Datasource Adapters
Flat File Reader
Overview
The AMI Flat File Reader Datasource Adapter is a highly configurable adapter designed to process extremely large flat files into tables at rates exceeding 100mb per second*. There are a number of directives which can be used to control how the flat file reader processes a file. Each line (delineated by a Line feed) is considered independently for parsing. Note the EXECUTE <sql> clause supports the full AMI sql language.
*Using Pattern Capture technique (_pattern) to extract 3 fields across a 4.080 gb text file containing 11,999,504 records. This generated a table of 11,999,504 records x 4 columns in 37,364 milliseconds (additional column is the default linenum). Tested on raid-2 7200rpm 2TB drive
Generally speaking, the parser can handle three (4) different methods of parsing files:
Delimited list or ordered fields
Example data and query:
11232|1000|123.20
12412|8900|430.90
CREATE TABLE mytable AS USE _file="myfile.txt" _delim="|"

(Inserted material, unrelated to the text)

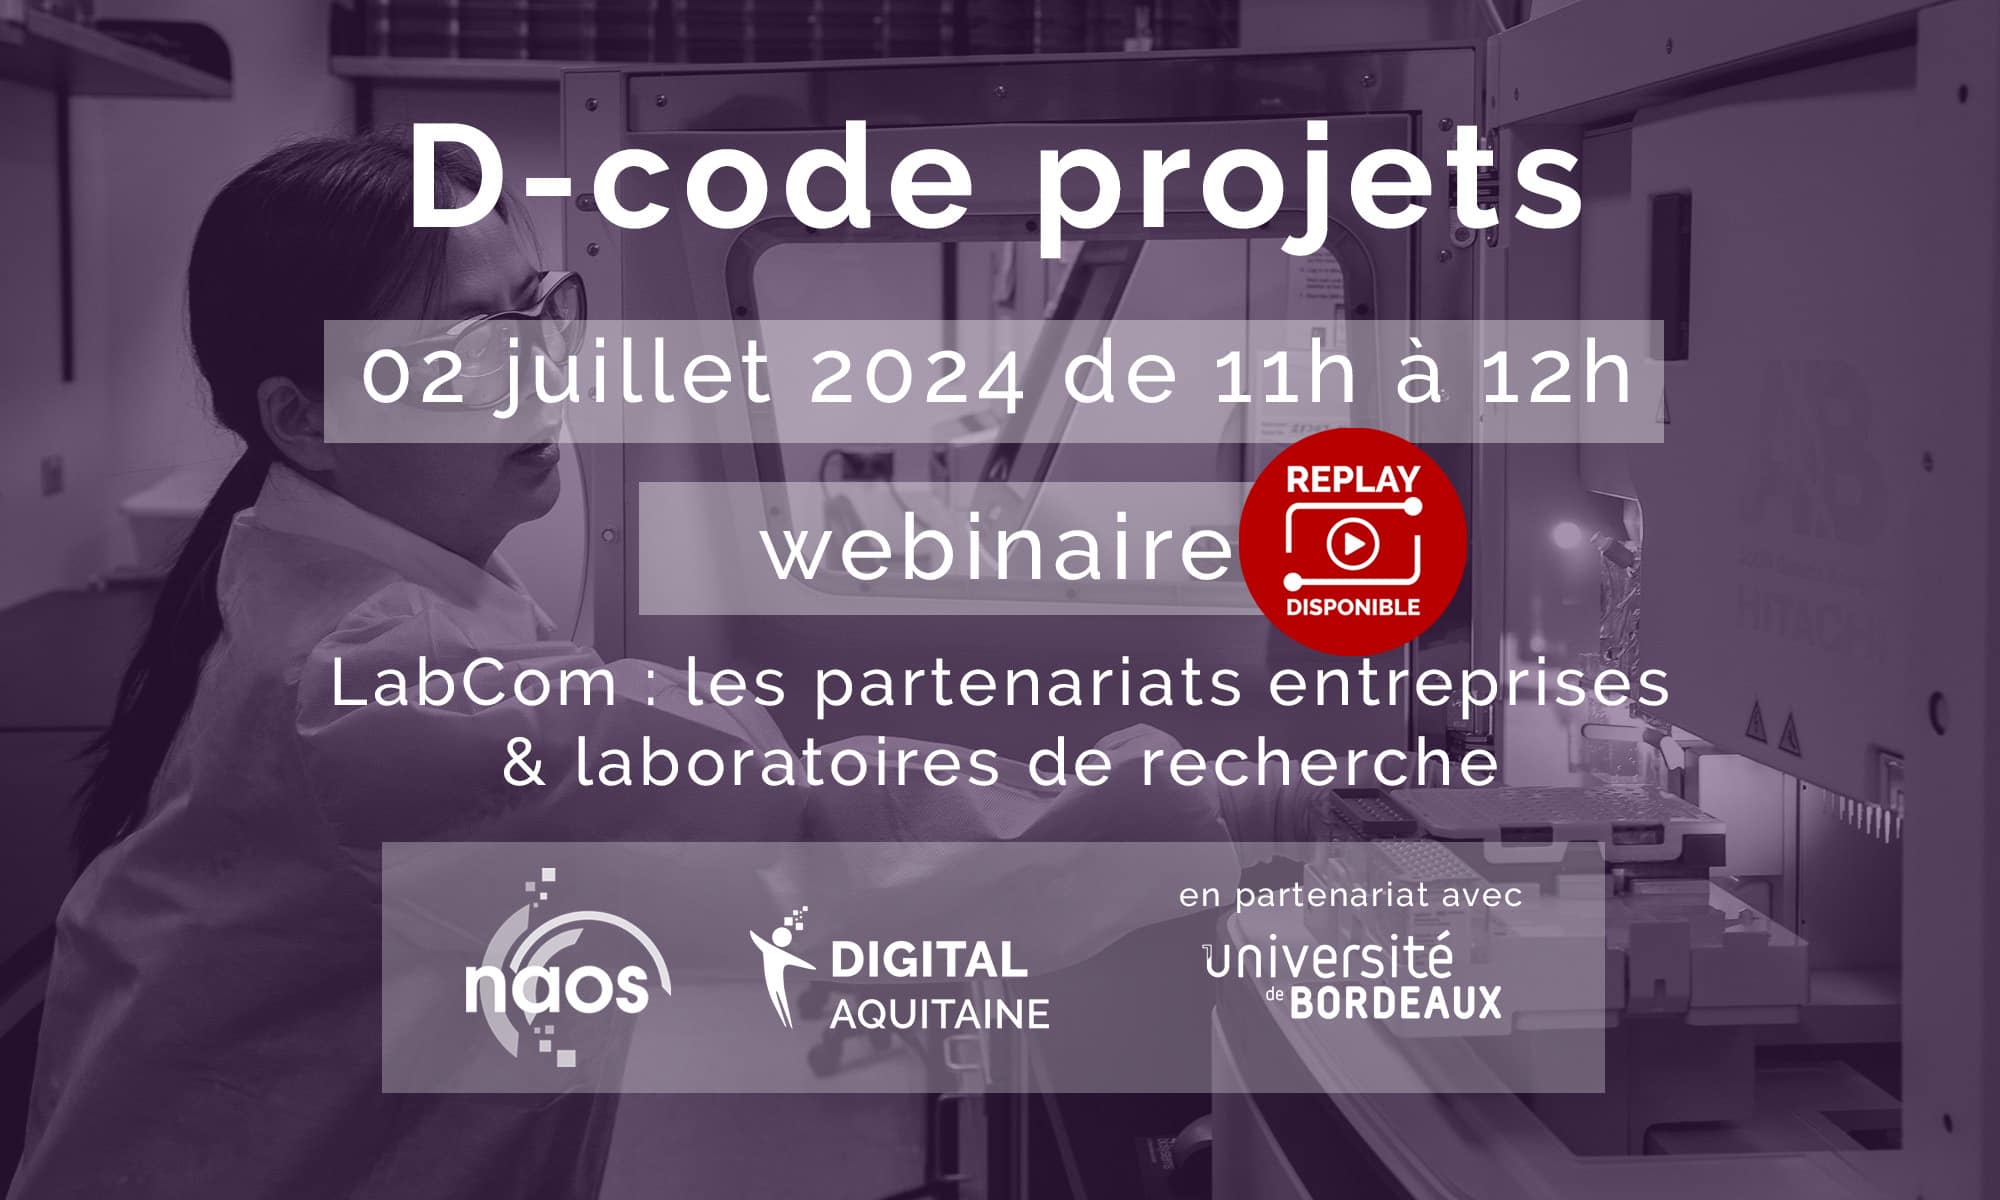 Webinaire D-code projets #2 : LabCom, les partenariats entreprises et laboratoires de recherche
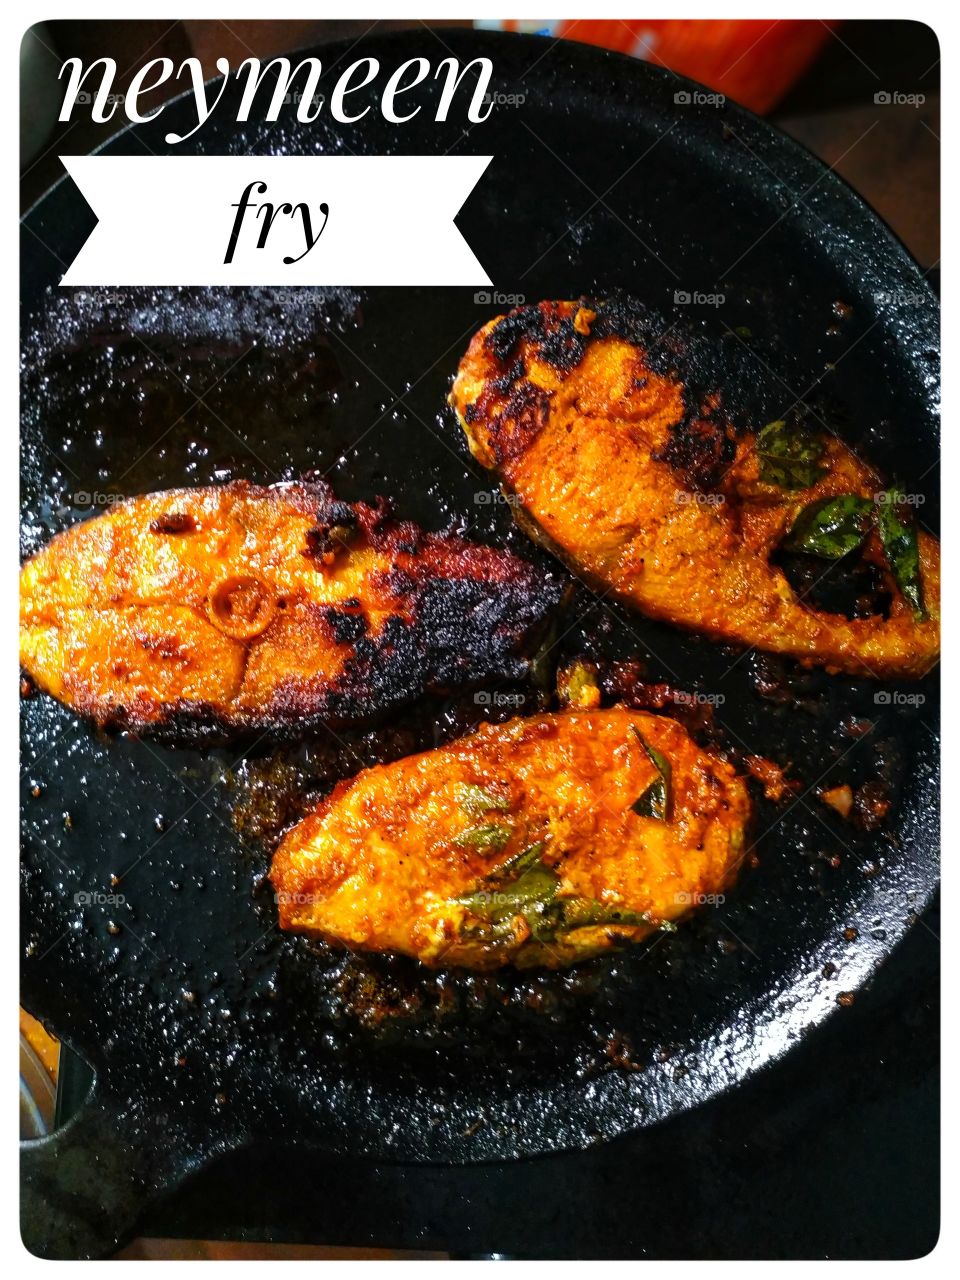 Kerala fish fry

_fields="String account, Integer qty, Double px"
EXECUTE SELECT * FROM file
Key value pairs
Example data and query:
account=11232|quantity=1000|price=123.20
account=12412|quantity=8900|price=430.90
CREATE TABLE mytable AS USE _file="myfile.txt" _delim="|" _equals="="
_fields="String account, Integer qty, Double px"
EXECUTE SELECT * FROM file
Pattern Capture
Example data and query:
Account 11232 has 1000 shares at $123.20 px
Account 12412 has 8900 shares at $430.90 px
CREATE TABLE mytable AS USE _file="myfile.txt"
_fields="String account, Integer qty, Double px"
_pattern="account,qty,px=Account (.*) has (.*) shares at \\$(.*) px"
EXECUTE SELECT * FROM fil
Raw Line
If you do not specify a _fields, _mapping nor _pattern directive then the parser defaults to a simple row-per-line parser. A "line" column is generated containing the entire contents of each line from the file
CREATE TABLE mytable AS USE _file="f.txt" EXECUTE SELECT * FROM FILE
Configuring the Adapter for first use
1. Open the datamodeler (In Developer Mode -> Menu Bar -> Dashboard -> Datamodel)
2. Choose the "Add Datasource" button
3. Choose Flat File Reader
4. In the Add datasource dialog:
Name: Supply a user defined Name, ex: MyFiles
URL: /full/path/to/directory/containing/files (ex: /home/myuser/files )
(Keep in mind that the path is on the machine running AMI, not necessarily your local desktop)
5. Click "Add Datasource" Button
Accessing Files Remotely: You can also access files on remote machines as well using an AMI Relay. First install an AMI relay on the machine that contains the files, or at least has access to the files, you wish to read ( See AMI for the Enterprise documentation for details on how to install an AMI relay). Then in the Add Datasource wizard select the relay in the "Relay To Run On" dropdown.